When #Iran's cyber Army is trying to hack my friends Gmail's accounts by sending them #Phishing email. #Security pic.twitter.com/0soRoLmCBc
— Nariman Gharib (@ListenToUs) September 22, 2014
At the time, Amir Rashidi, a researcher on internet freedom in Iran, told me that several journalists and producers at BBC Persian had been targeted by various phishing attacks. (This was also confirmed to me by Nima Akbarpour, a producer and reporter who focuses on technology for BBC Persian.)
Ebrahim Nabavi, a famous Iranian writer, was also targeted, specifically with an email that contained a fake link to a Google document, Rashidi said. Nabavi shared some details of his attack in a post on Facebook.
Adam Meyers, a researcher at Crowdstrike, a security firm that has investigated Iranian hackers in the past, told me last year that all these attacks trace back to the same hackers, who have links to the Iranian government.
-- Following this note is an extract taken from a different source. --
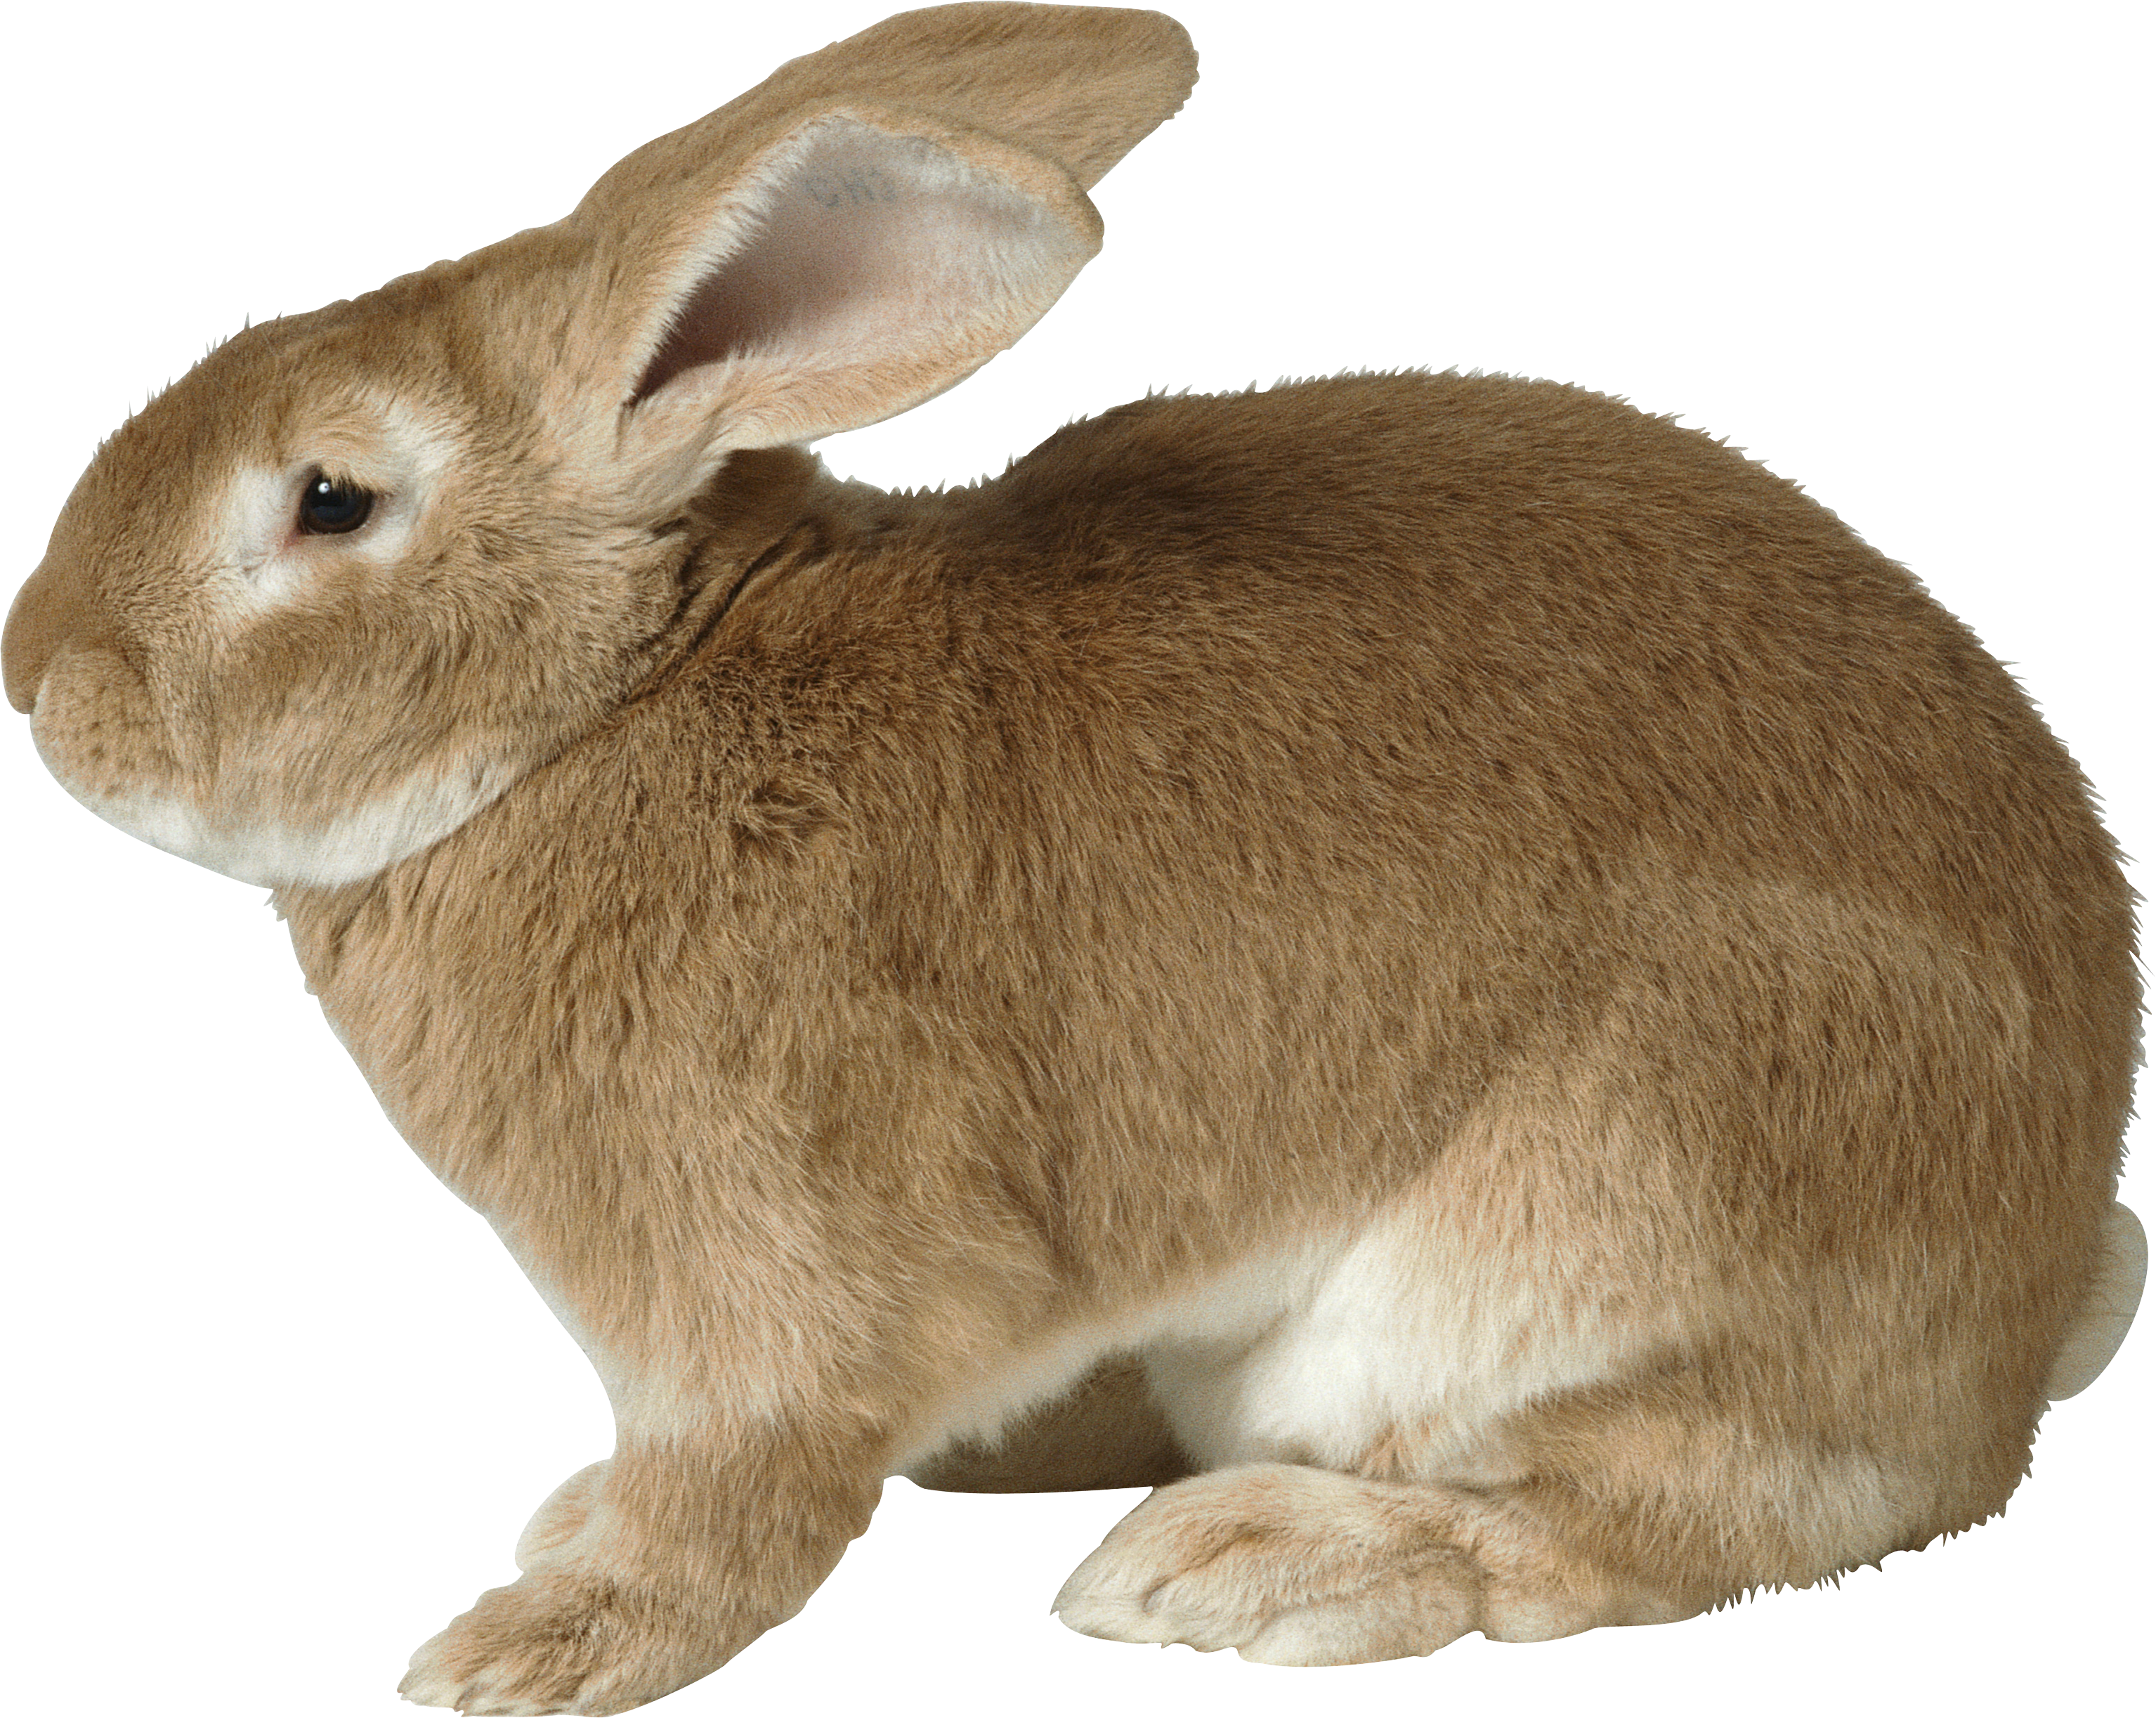 Rabbit Free vector We have ab

Given that these attacks don’t involve the use of unknown “zero-day” computer vulnerabilities, nor spyware, they might not be considered technically sophisticated. But, nonetheless, they are “effective,” Meyers said.
"We need to be vigilant."
That’s why Iranian activists, as well as journalists in the diaspora should be careful, according to York.
“This attack wasn't very sophisticated. I don't think any of us fell for it,” York said. “But what makes it interesting to me is how persistent the attackers are, which means they're likely to eventually snare someone, putting our entire networks at risk. We need to be vigilant.”
In the meantime, everyone should turn on two-factor authentication, because “attackers have to spend much more effort to get attacks to work,” Scott-Railton told me. “It makes the deception involved in phishing much harder.”